An ugly quarter behind it, I continue to be bullish IMS. I like the business, management, and the prospects for the company on all durations. I reiterate that I think the majority of the issues have been resolved or are in process of resolution.
I expect the firms with ratings on IMS to get incrementally more positive as the company can show a return to norms and as the company puts distance between itself and the IPO. Those upgrades will help drive the stock and should act as a catalyst on a full-year basis.

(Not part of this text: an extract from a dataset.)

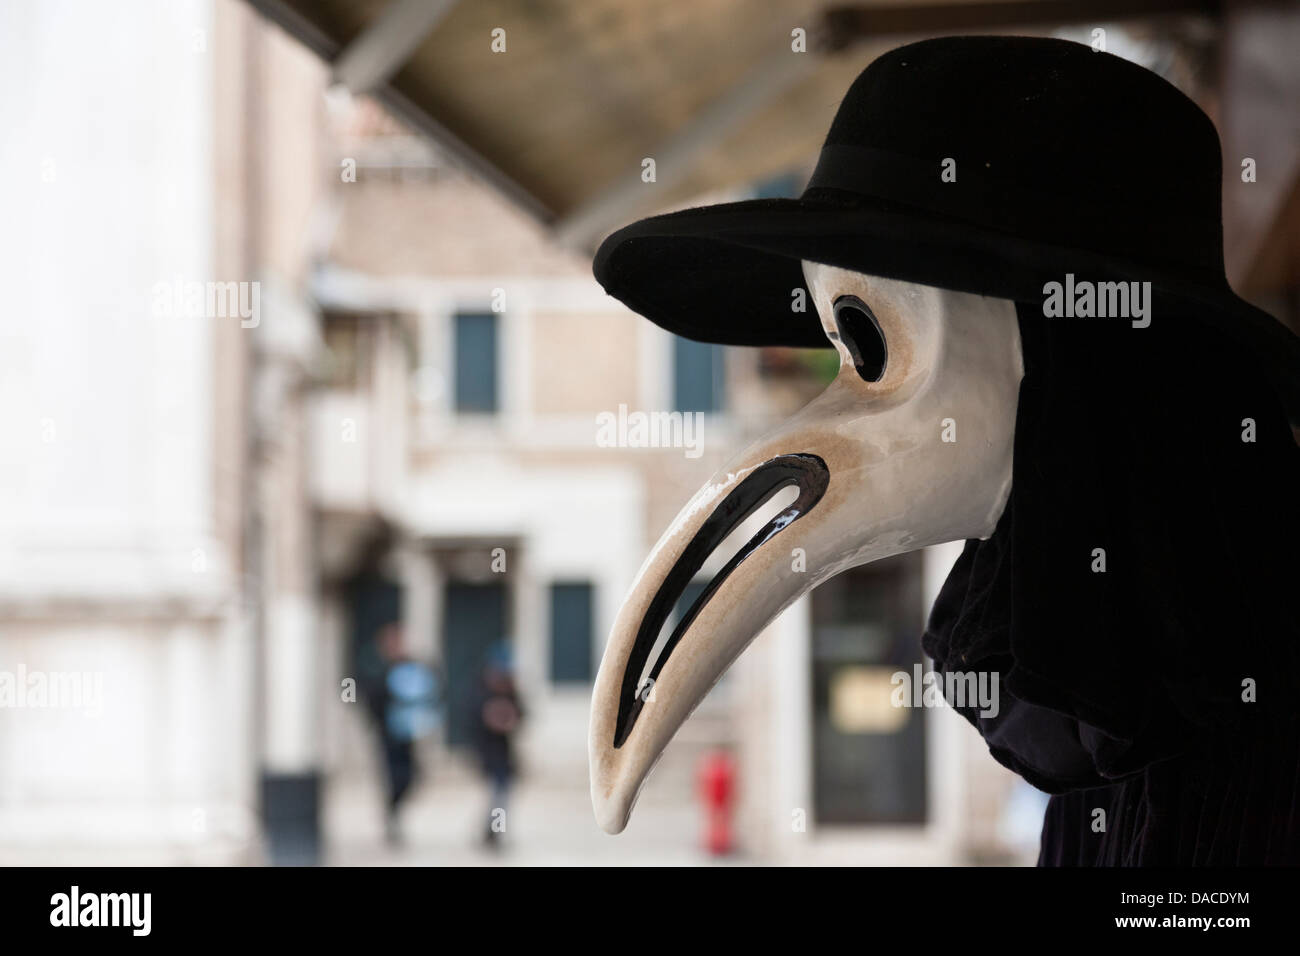 Carneval Mask on display, Venice, Italy Stock Photo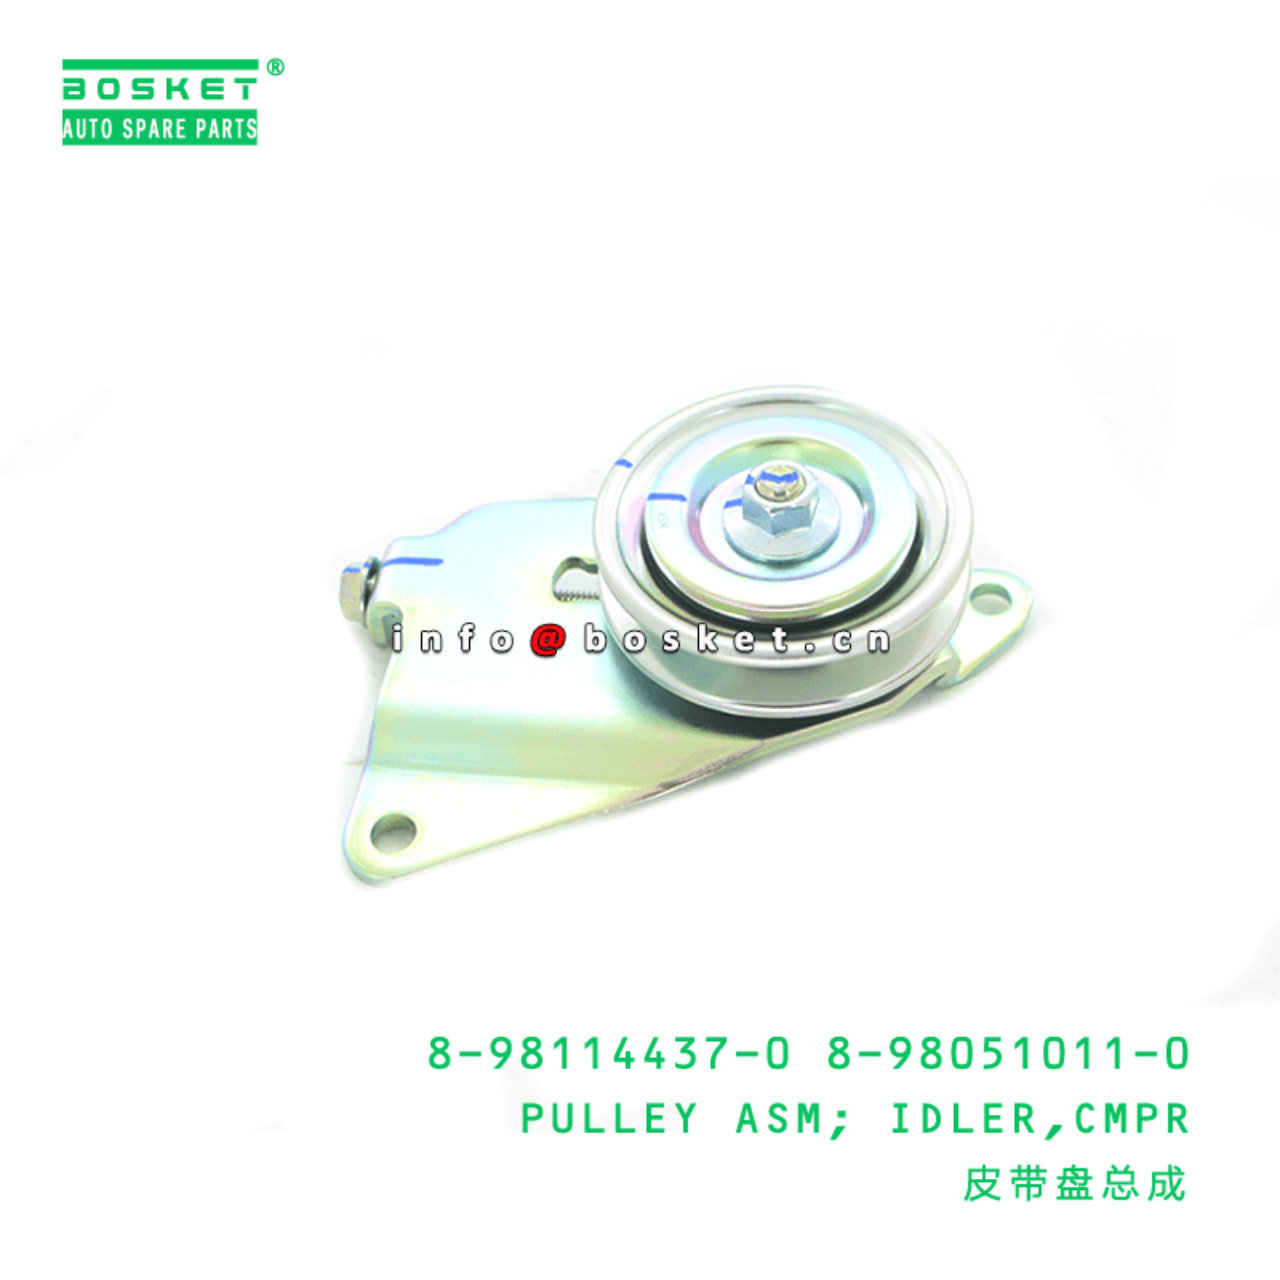 8-98114437-0 8-98051011-0 Compressor Idler Pulley Assembly 8981144370 8980510110 Suitable for ISUZU

I would recommend buying IMS on a dollar cost average basis as it's not the type of stock that's going to run away overnight. I would also recommend adding prior to earnings announcements, even if it is slightly ahead of a scheduled DCA purchase, because I believe the earnings periods will also act as catalysts on a full-year basis.
Good luck to all.
Disclosure: The author is long IMS. The author wrote this article themselves, and it expresses their own opinions. The author is not receiving compensation for it (other than from Seeking Alpha). The author has no business relationship with any company whose stock is mentioned in this article.